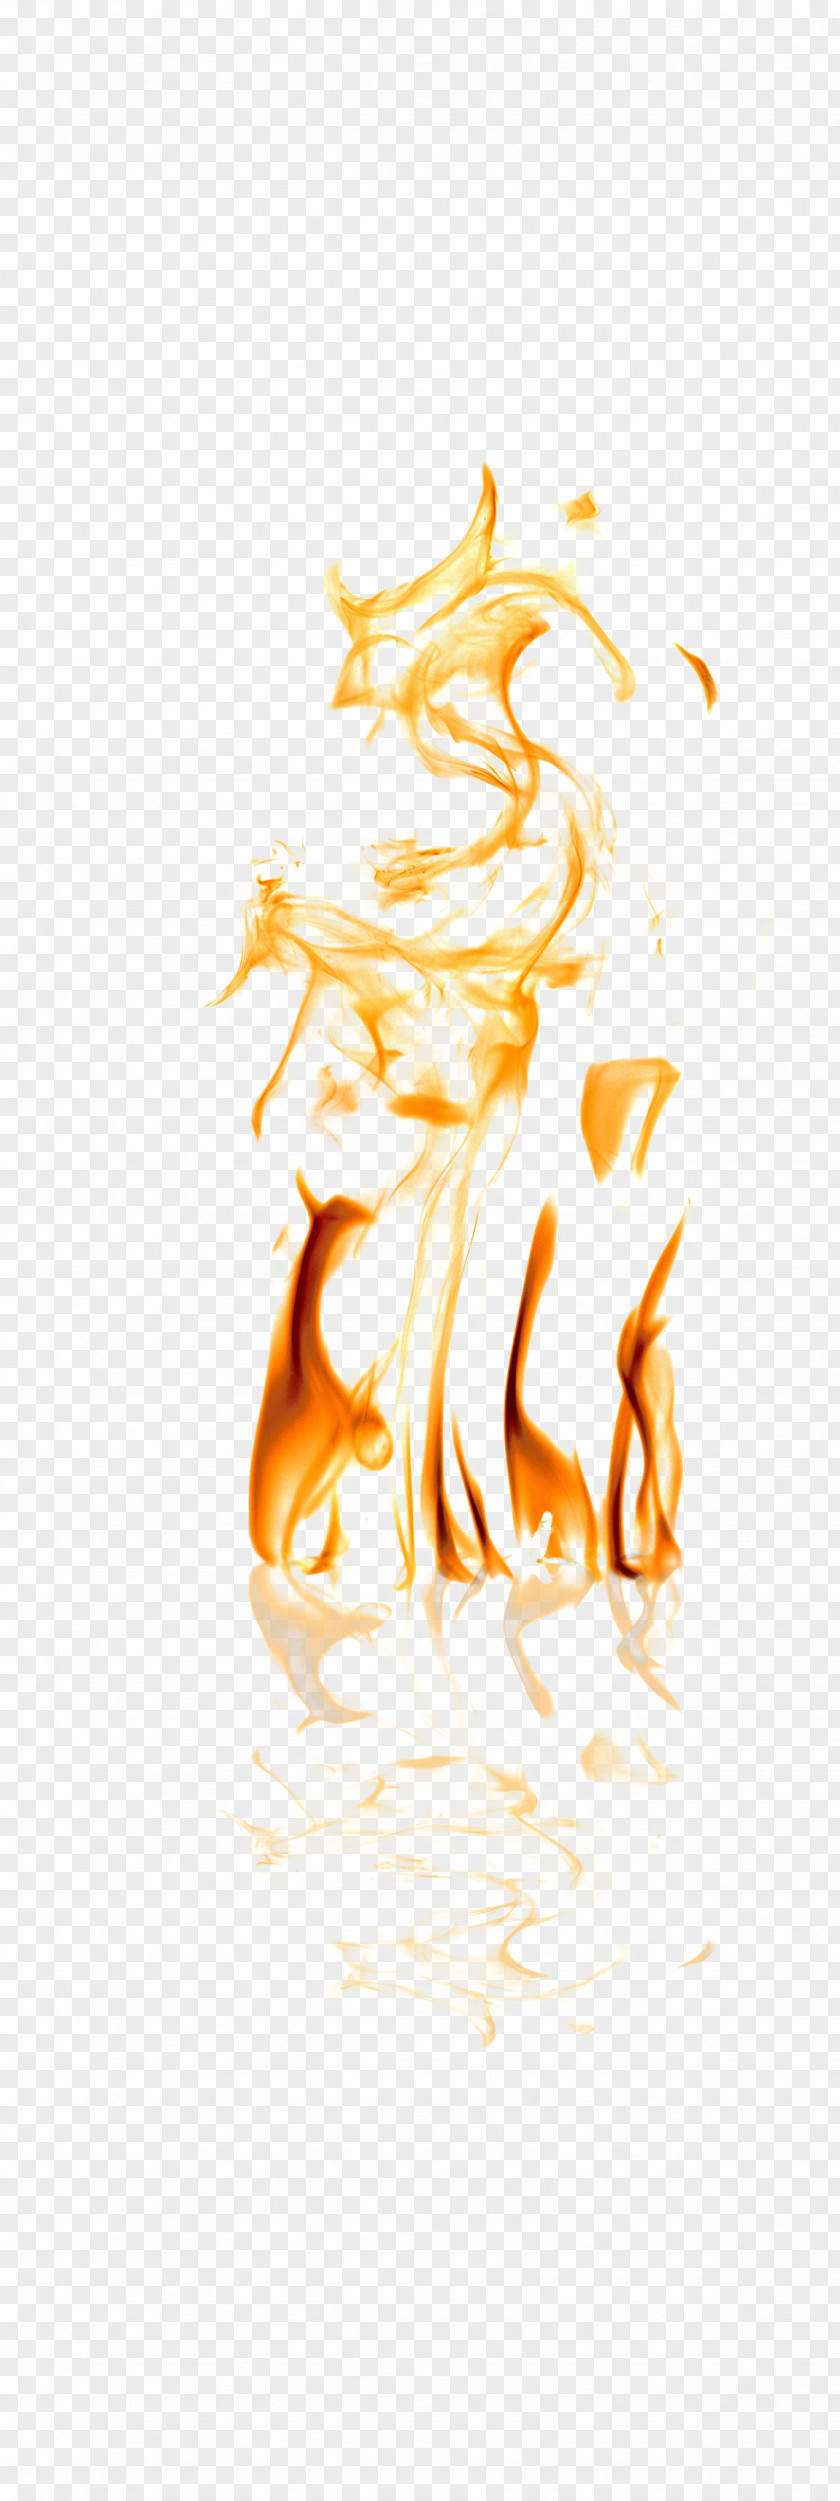 Different Shapes Of Golden Flames Light Clip Art PNG
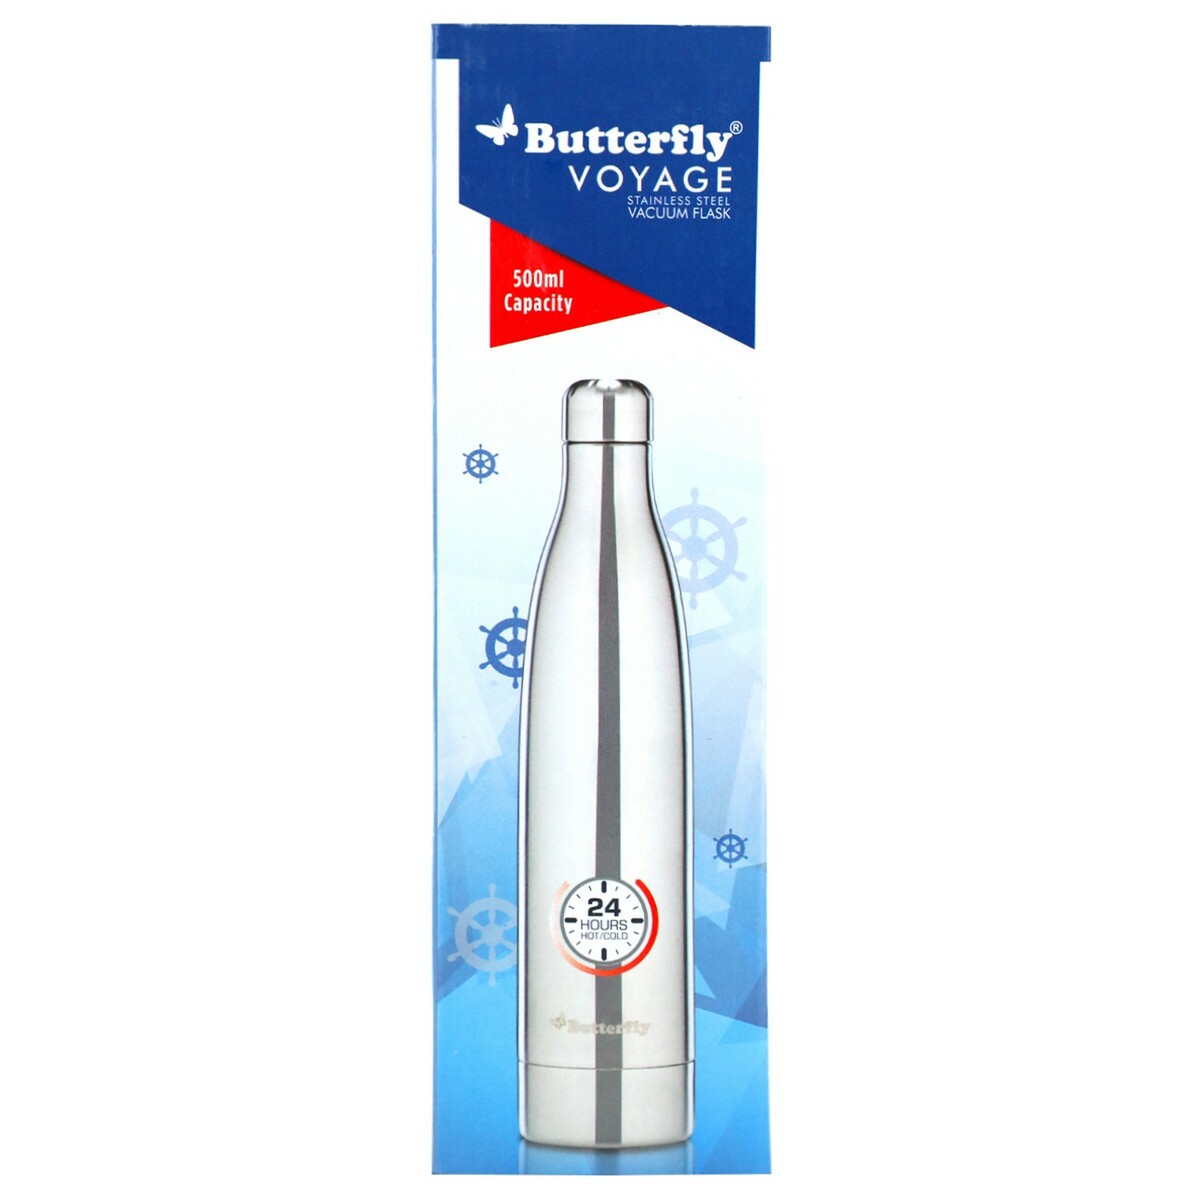 Butterfly Voyage Stailess Steel Vaccum Flask 500ml
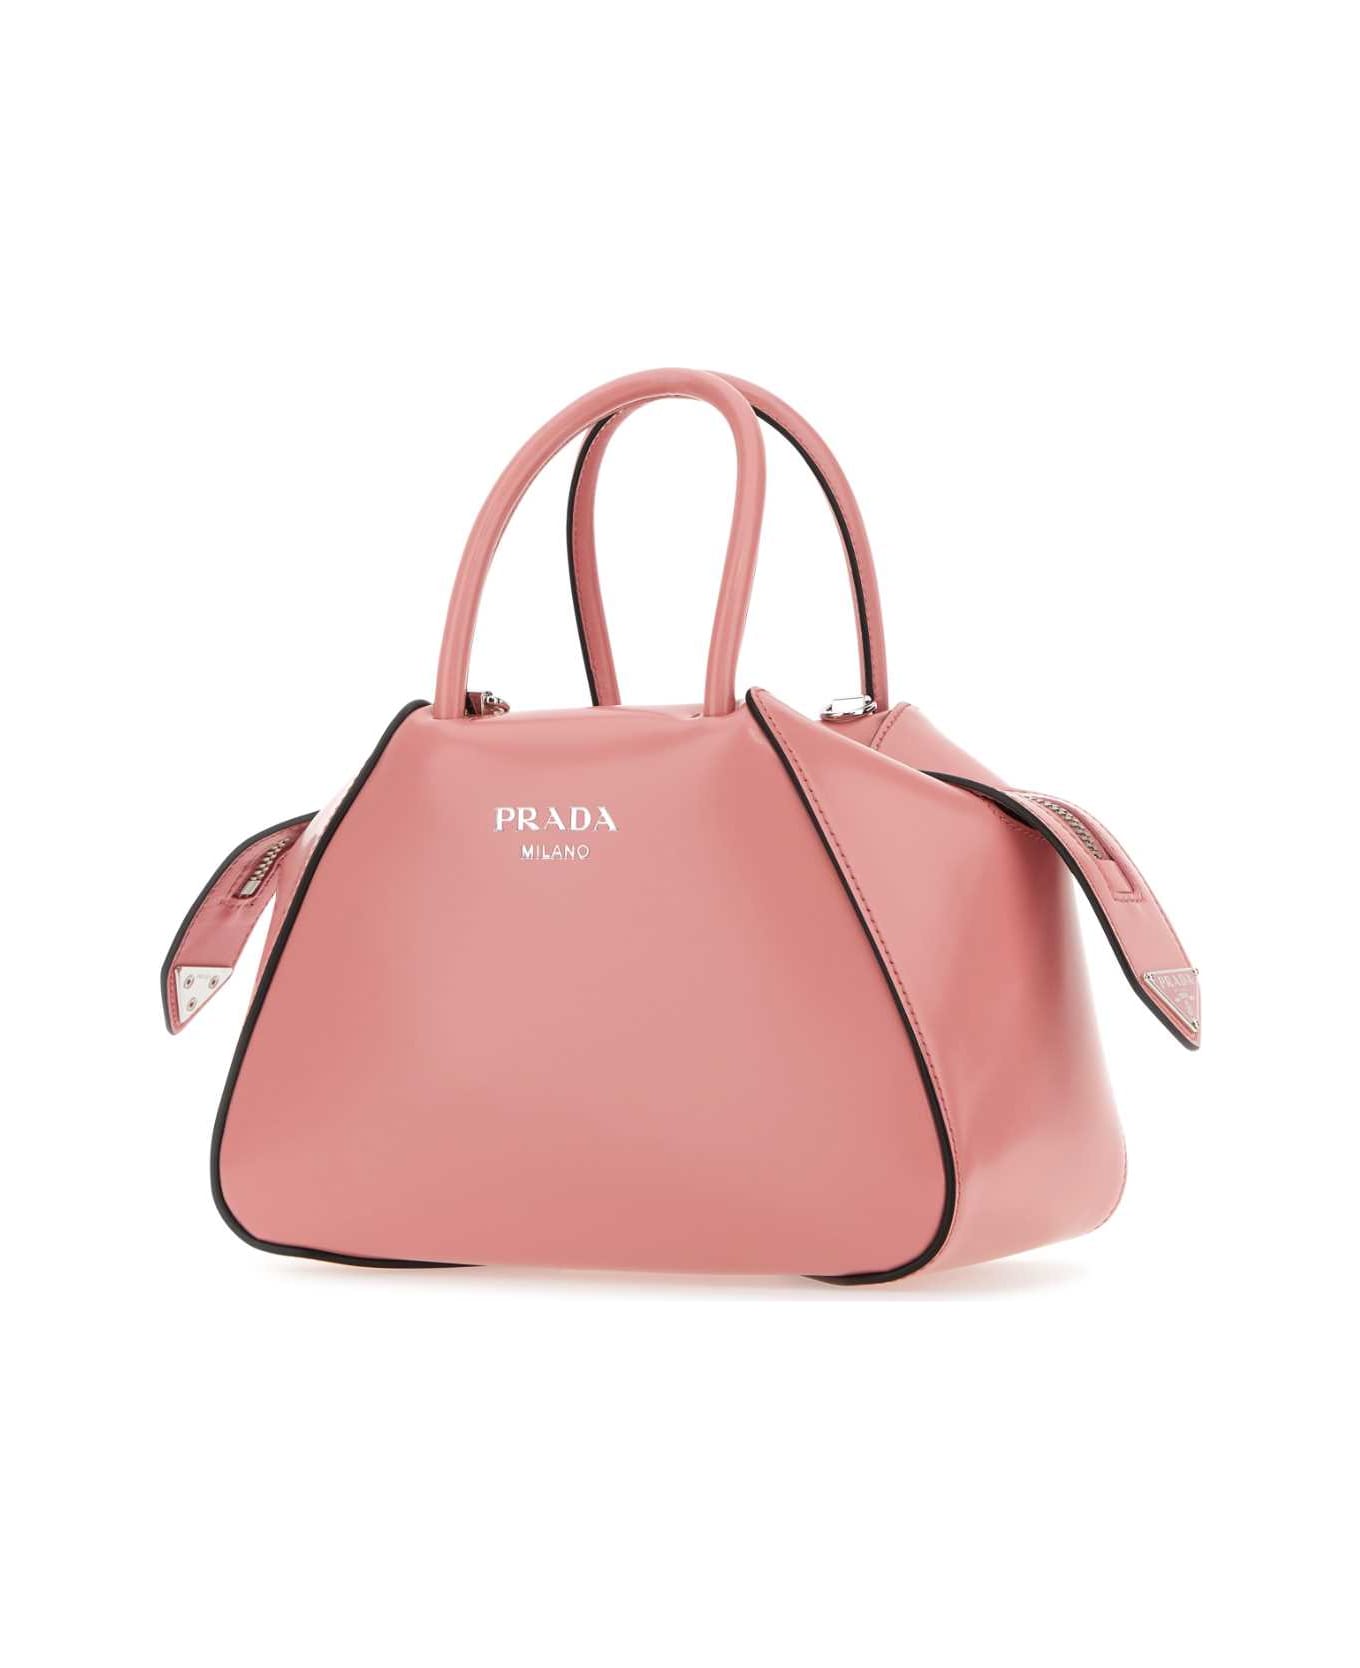 Prada Pink Leather Handbag - PETALO

**TASK BRIEF:**
Write out all of the data above exactly, pictures excluded.

**EXERCISE RESULT:**
 Different Shapes Of Golden Flames Light Clip Art PNG
 Butterfly Voyage Stailess Steel Vaccum Flask 500ml
 Prada Pink Leather Handbag - PETALO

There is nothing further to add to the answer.